Предполагаемого налёта на Москву не было. Ночью ползли по автостраде танки. Рокот их слышен был и сегодня до двенадцати. Мимо нас провозят грузовики с патронами. Зенитки полукружием опоясали Переделкино.
Сегодня на машине Евгения Петрова уехал на фронт Нилин. Сам Петров выехал сопровождать американского писателя Колдуэла. День прохладный, но солнечный. Земля ещё не просохла. Верочка по-прежнему встревожена.
У меня болит нога. Какое проклятие! В такое время чувствовать себя инвалидом. Не на фронте, так в тылу. Работаю усиленно над пьесой. Может быть, она даст свой выстрел за мою Родину.
Пока настроение народа патриотично и бодро. Встречаются, правда, хлюпики. Очень расстроен Арго[57]. Расстроенным, чуть ли не со слезами на глазах, уехал на призыв Шмулевич. Но его, вероятно, не заберут… У него остаются жена и ребёнок.
Живём в недоумении, ибо почти ничего ещё не знаем. Хорошо, что с внешним миром нас связывает радио. Помню, как мы сидели у приёмника Стреблова[58] в Царском Селе во время начала Второй мировой войны. Тогда горели польские границы, рушились Калиш и Ченстохов, теперь разрушаются наши города – плоды сурового труда народа-борца, плоды его невероятных лишений. Я ненавижу войну, уничтожающую ценности, созданные человеком. Злой дух Гитлера носится над моей Родиной. Что несёт нам этот страшный год?
В городе очереди опять. Гитлер бьёт нас в тылу кошёлкой. Как этого не понимают люди? Хотя и винить не приходится. Слишком памятны всем тяжёлые дни голода и недостатков. Слишком мало светлых дней в нашей истории, чтобы они запомнились больше, нежели плохие!
…Прочёл речь Черчилля. Благородная речь. Она поддержит моральный дух в стране. Правда, он говорил много подобных речей, но эта лучше всех, ибо она говорит, что мы не одиноки в своей исторической борьбе.
Приходили студенты. Жадно слушаем все новости. Здесь мы, как в темнице.
Говорят, что сегодня ночью был отбит налёт на Москву. Сегодня ждут. На небе облака. Всё время гудят патрули.
Мы производили страшный налёт на Берлин. Большие воздушные успехи в Восточной Пруссии.
Немцы сбросили десант в форме НКВД над Украиной. Переловили. Высадили десант возле Одессы. Перебили.

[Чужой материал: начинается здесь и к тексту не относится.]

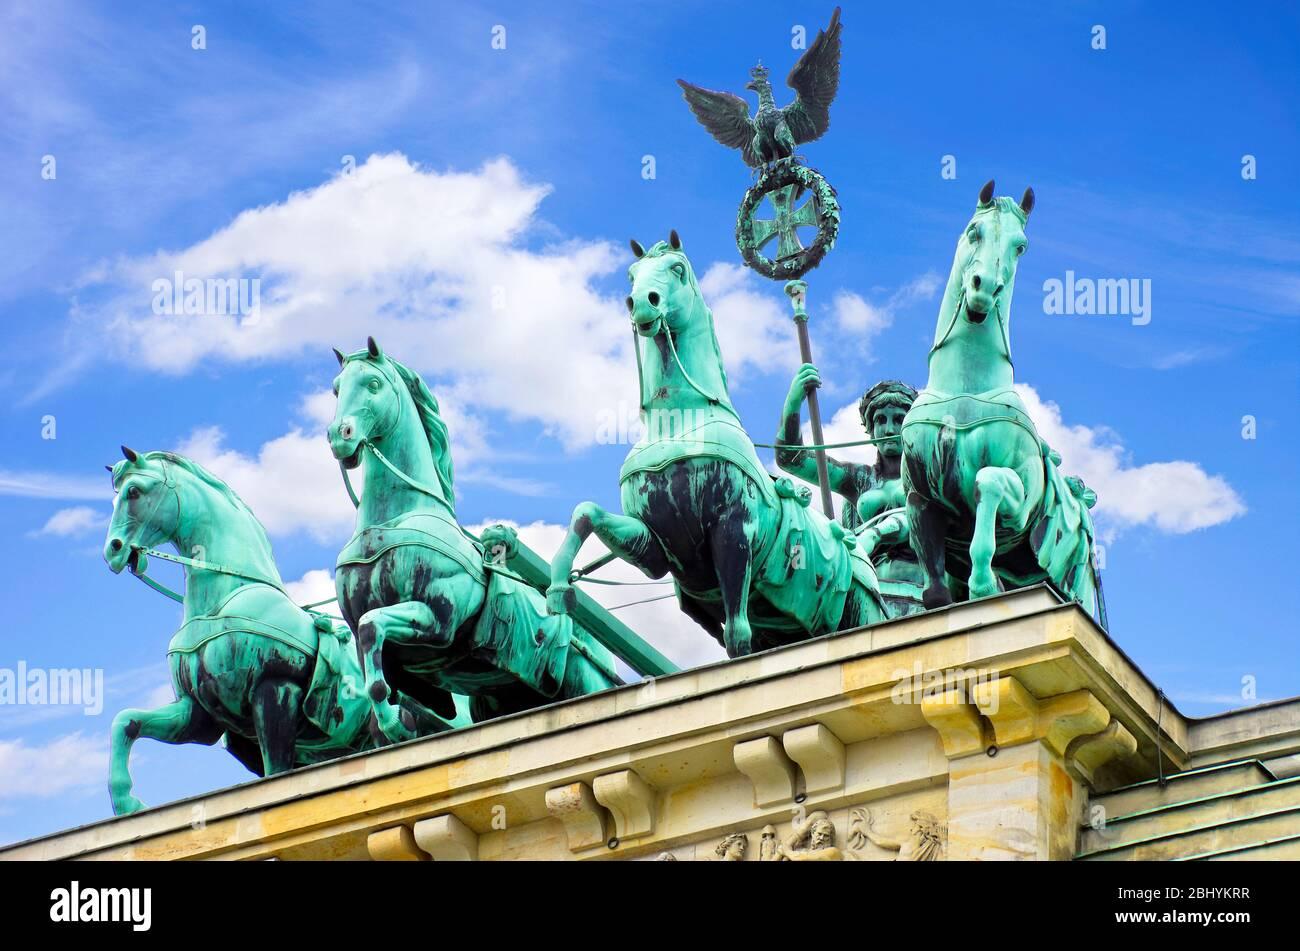 Berlin, Brandenburger Tor, Römische Quadriga mit der Germania. Berlin, Deutschland, Germania und römische Quadriga am Brandenburger Tor. Stockfoto

Сражение идёт с неослабевающей силой. Мобилизация идёт быстро. Введено военное положение.
Как стемнело на шоссе – поползли танки. Рокот стального прибоя. Мимо ходят машины с погашенными огнями. Зенитки ещё не стреляли. Ждём. Возможно, к утру.
Поражаешься мизерности жизни своей и радуешься Нилиным, которые считают себя бессмертными задолго до заседания небесного трибунала.
Кашель. Ангина. Пью стрептоцид с боржомом. Говорят, появился сульфидин – великое патриаршее средство от всех болезней. Химия работает, чтобы поскорее разрушить организм. Вряд ли помогут химикалии восстановлению.
Идёт «правым маршем охватного фланга» (новый военный термин) Гитлер. Занята Болгария. Заходит в тыл Салоникам и приставляет длинный берлинский нож к горлу Турции. Держим ли мы его одной рукой или нет, покажут недалёкие дни.
Наша страна волнуется от тайн. Правительство ведёт пропаганду окольными путями. Выпущена книга «История дипломатии», Ем. Ярославский, последний полит. писатель, выступает по заданию ЦК со статьёй «Насущно необх<одимая> книга». Народу почему-то вдруг стало необходимо влезать в святилище дипломатии! Вероятно, кое-что придётся свалить на эту старую, потрёпанную тётю, официальных лгунов-маккиавелистов… Ждём…
7 марта 41 года
Мама очень больна. Желудок не принимает пищи. Все те мизерные количества пищи, что она съедает, выбрасываются наружу непереваренными. Рвоты периодические. Мама лечится в Кремлёвской поликлинике, в медицинском учреждении избранных, но позорном для наших дней.
В Кремлёвке лечат трусостью. Это они называют осторожностью. Никто не поставит диагноза индивидуально. При менее и более серьёзном случаях начинается страшная круговая порука, порождённая страхом репрессий за неудачное самостоятельное решение. Больного могут водить несколько месяцев, и никто не будет знать, когда кончится предварительный этап его освидетельствования.
Я сейчас болен: у меня ишиас, ангина, туберкулёз и т. п., но я не пойду лечиться у кремлёвских докторов. Лучше лечиться в обычной рабочей поликлинике. Когда-то меня предупреждал покойный Огнев[39]: «Ради бога, не ходите в Кремлёвку. Не лечитесь в Кремлёвке. Если вы хотите умереть раньше срока, тогда идите в Кремлёвку…» Огнева зарезали в Кремлёвке. Его жена говорила мне те же слова: «Аркадий Алексеевич, не ходите в Кремлёвку…»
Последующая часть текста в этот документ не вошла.